[Task description]:
Word for word, restate the listing; omit the pictures.

[Given data]:
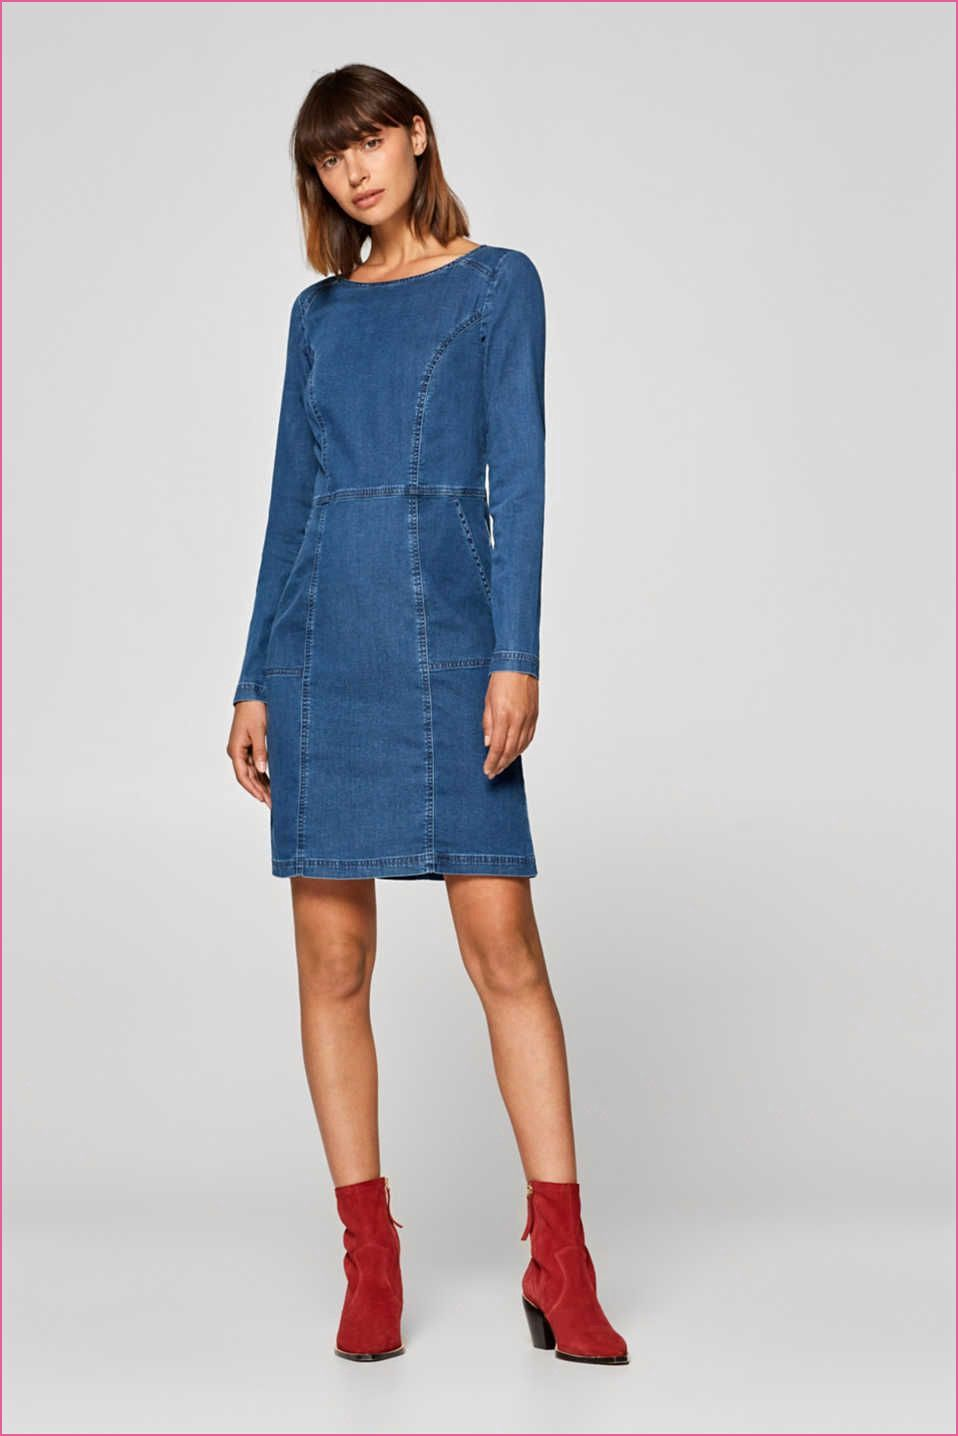 Esprit Kleid Lang Blumen  Haute couture mode, Kleider, Modestil
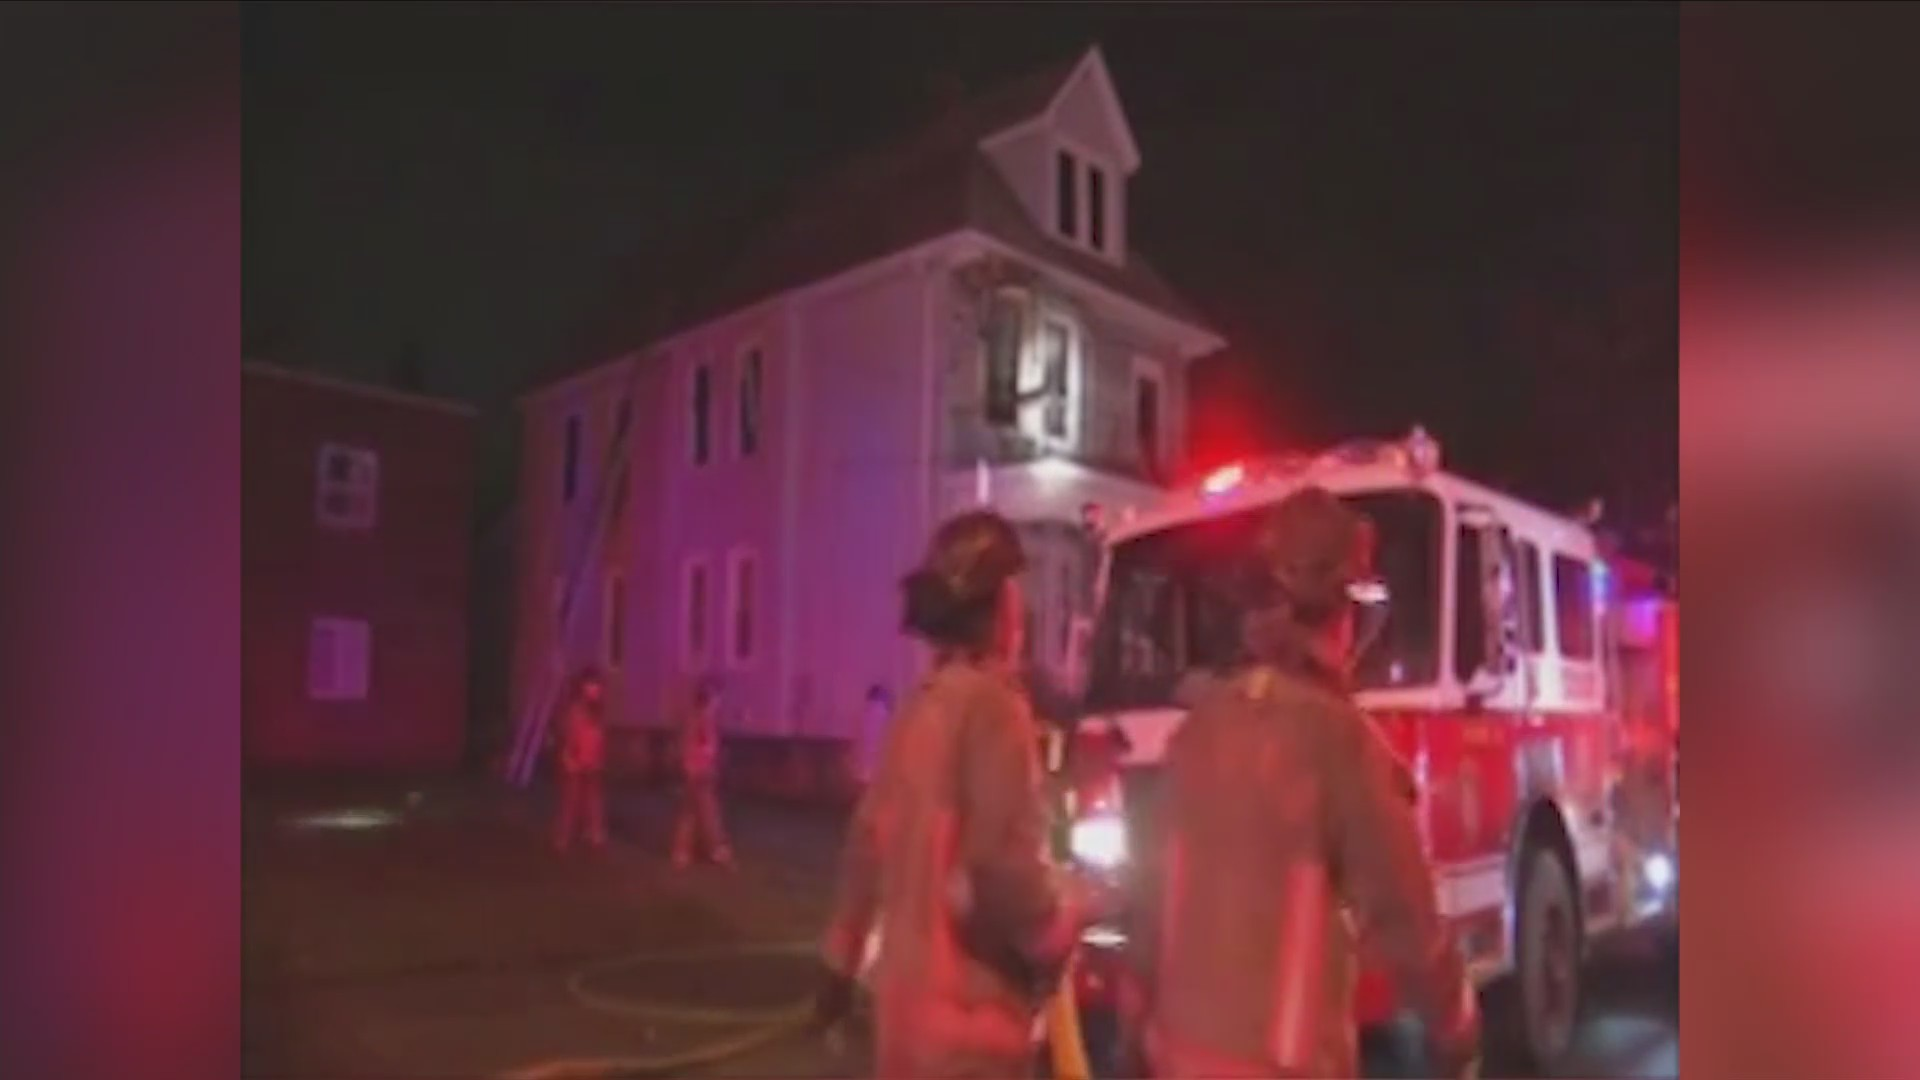 Buffalo firefighters 24 hr shift
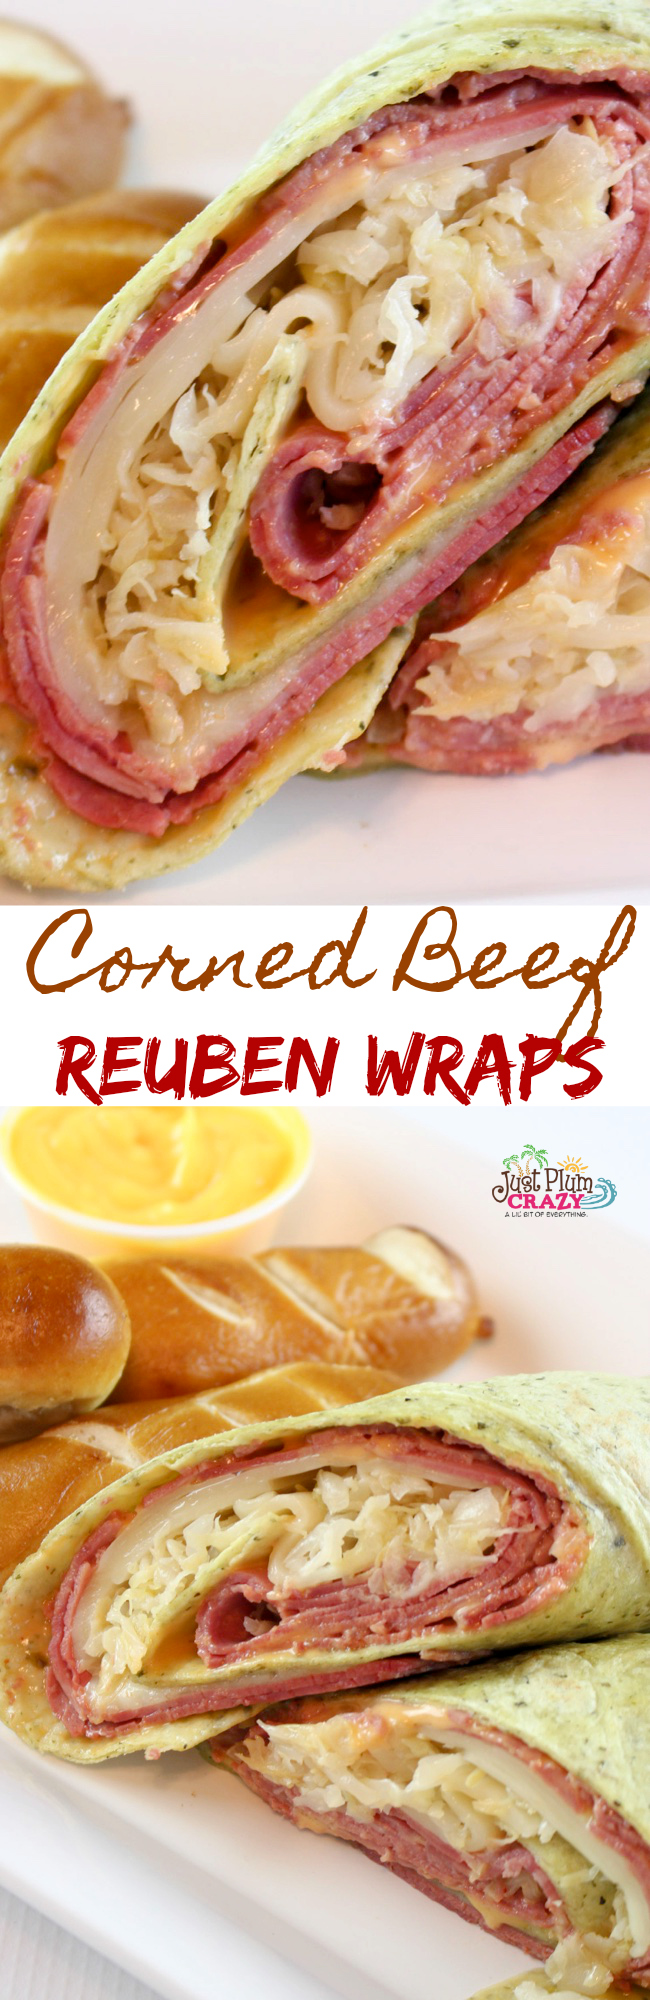 Corned Beef Sandwich Reuben Wrap

[Written solution]:
 Esprit Kleid Lang Blumen  Haute couture mode, Kleider, Modestil
 Buffalo firefighters 24 hr shift
 Corned Beef Sandwich Reuben Wrap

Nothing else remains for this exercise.